**PROVIDED MATERIAL**.
--- START ---
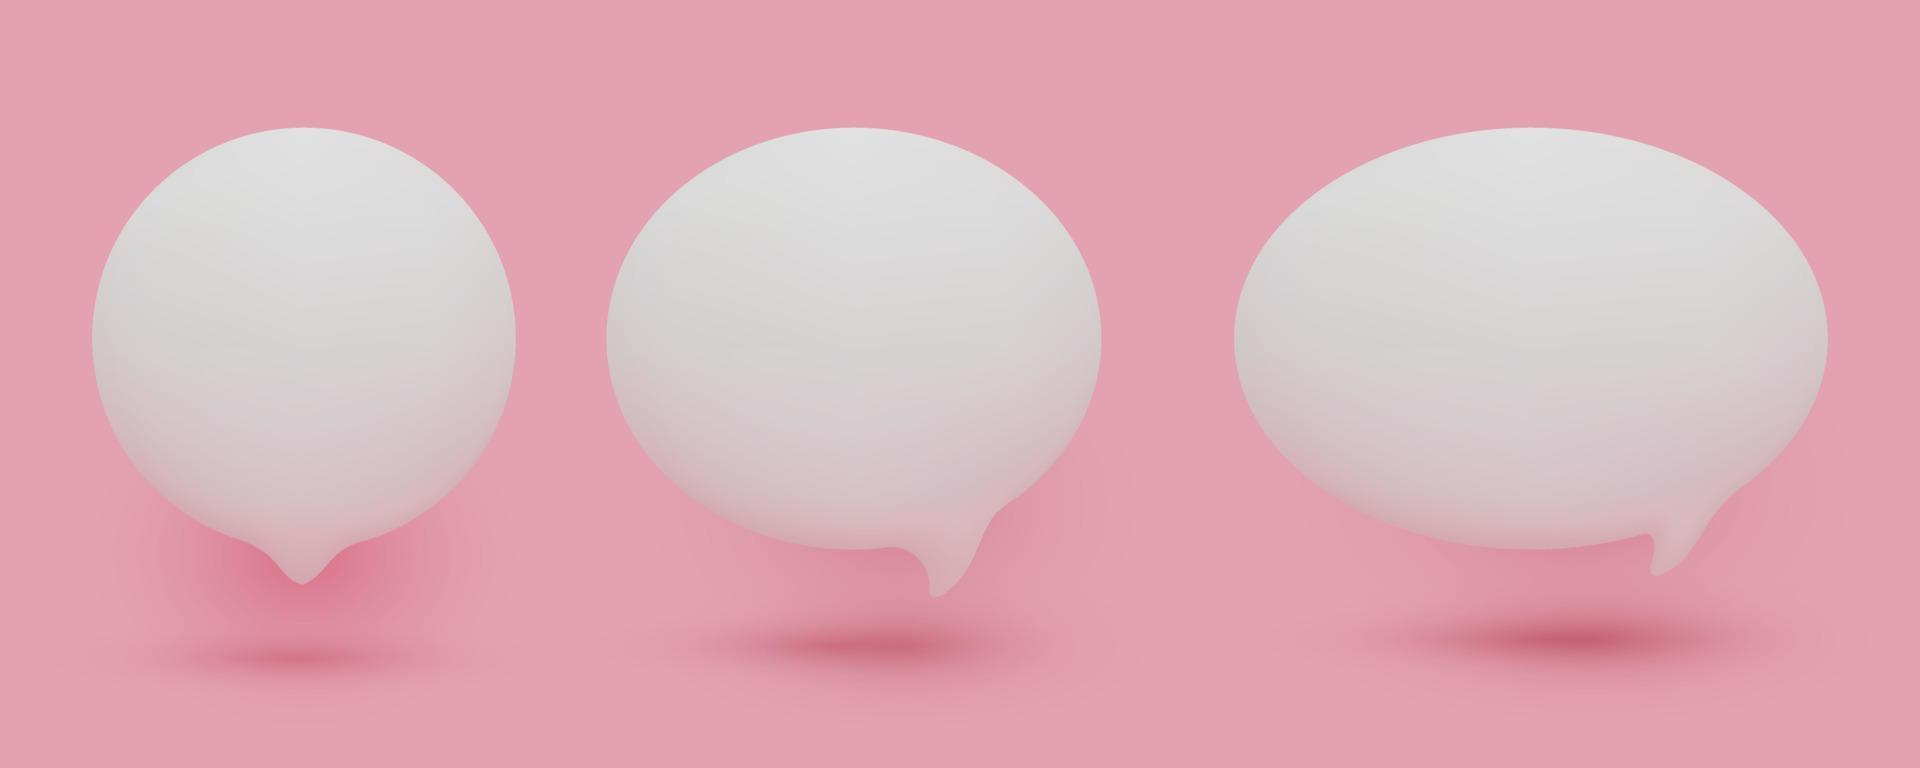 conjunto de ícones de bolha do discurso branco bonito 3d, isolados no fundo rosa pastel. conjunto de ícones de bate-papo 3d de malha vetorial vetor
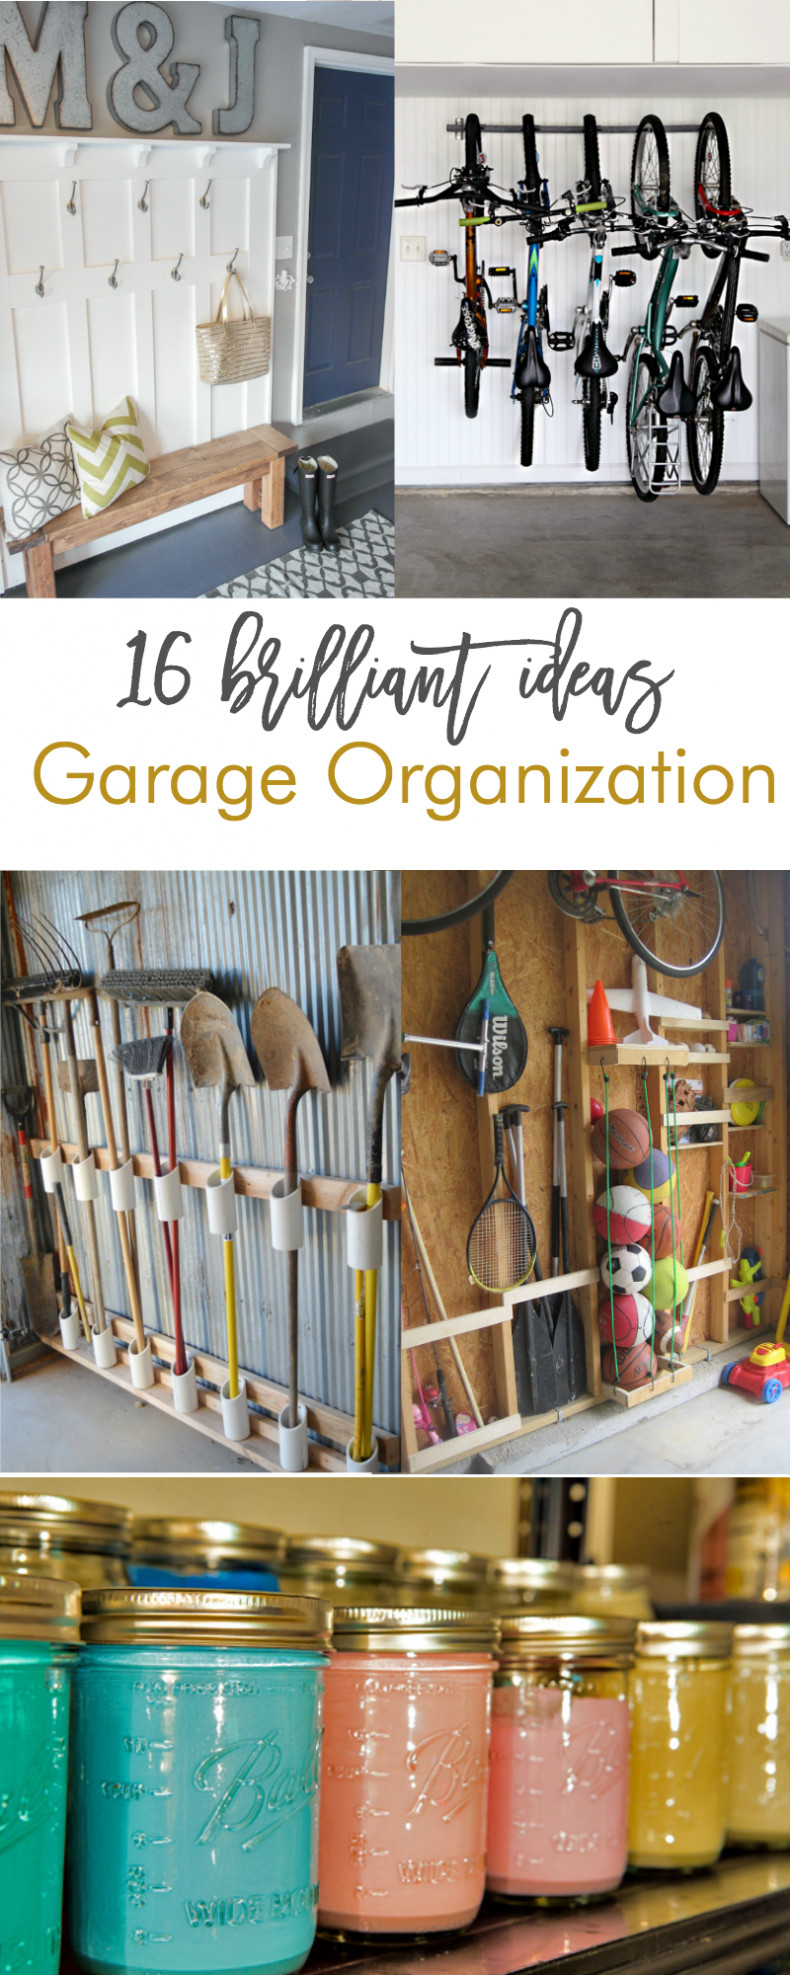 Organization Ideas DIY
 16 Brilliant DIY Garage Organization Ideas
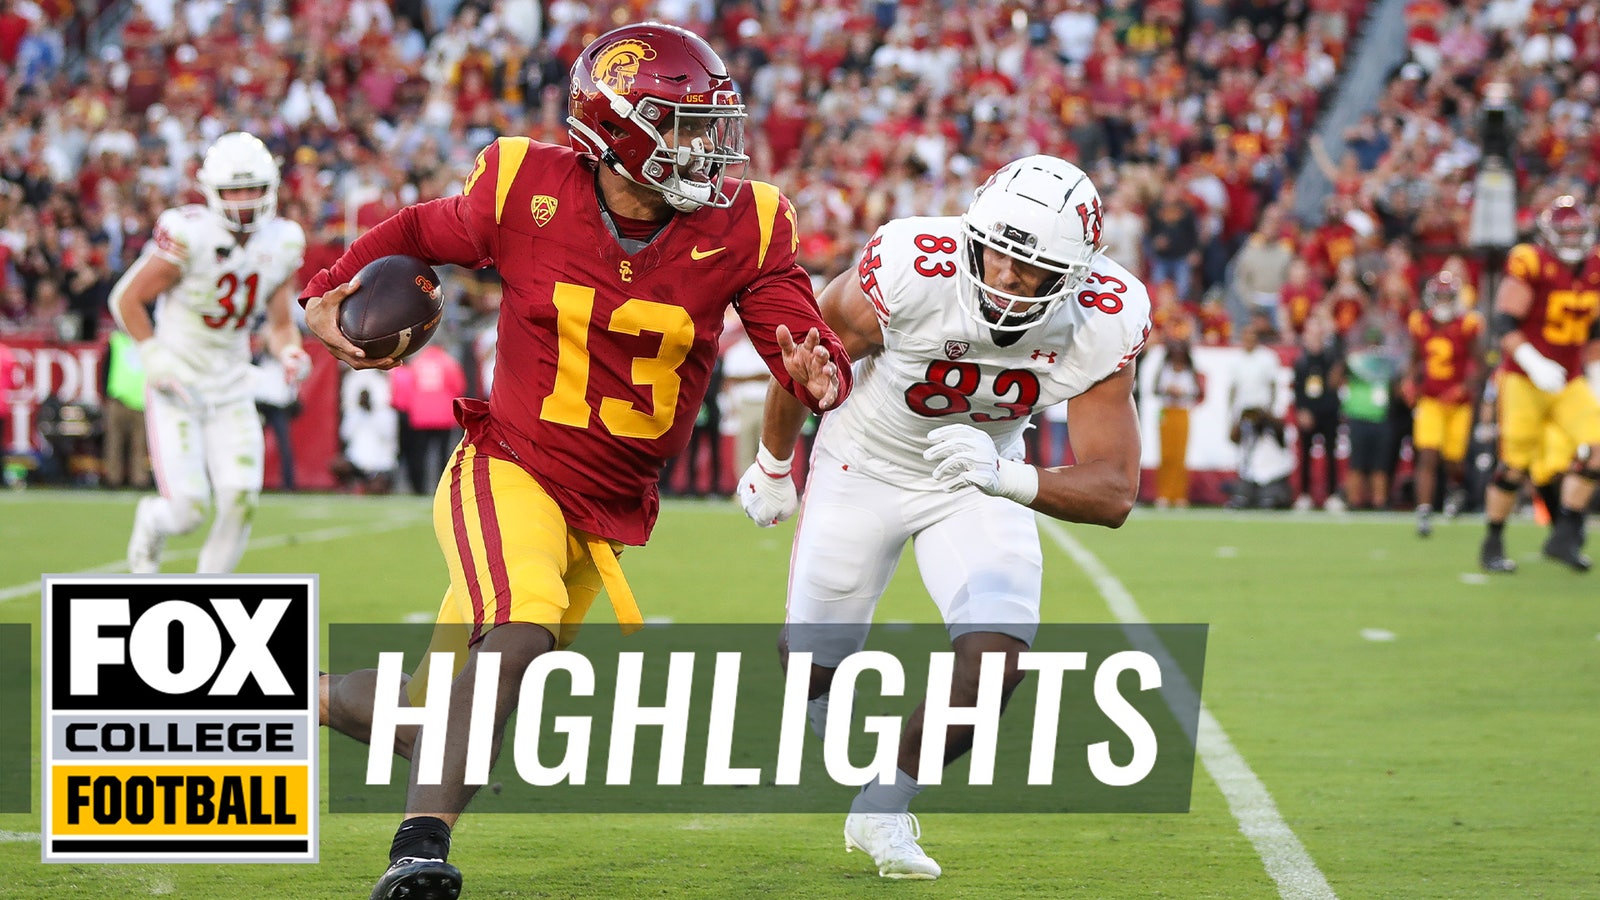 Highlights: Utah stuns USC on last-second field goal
--- END ---
**EXERCISE DESCRIPTION**.
The lines above should be transcribed exactly, with every image removed.

**SOLUTION TO THE PROBLEM**.
 conjunto de ícones de bolha do discurso branco bonito 3d, isolados no fundo rosa pastel. conjunto de ícones de bate-papo 3d de malha vetorial vetor
 Organization Ideas DIY
 16 Brilliant DIY Garage Organization Ideas
 Highlights: Utah stuns USC on last-second field goal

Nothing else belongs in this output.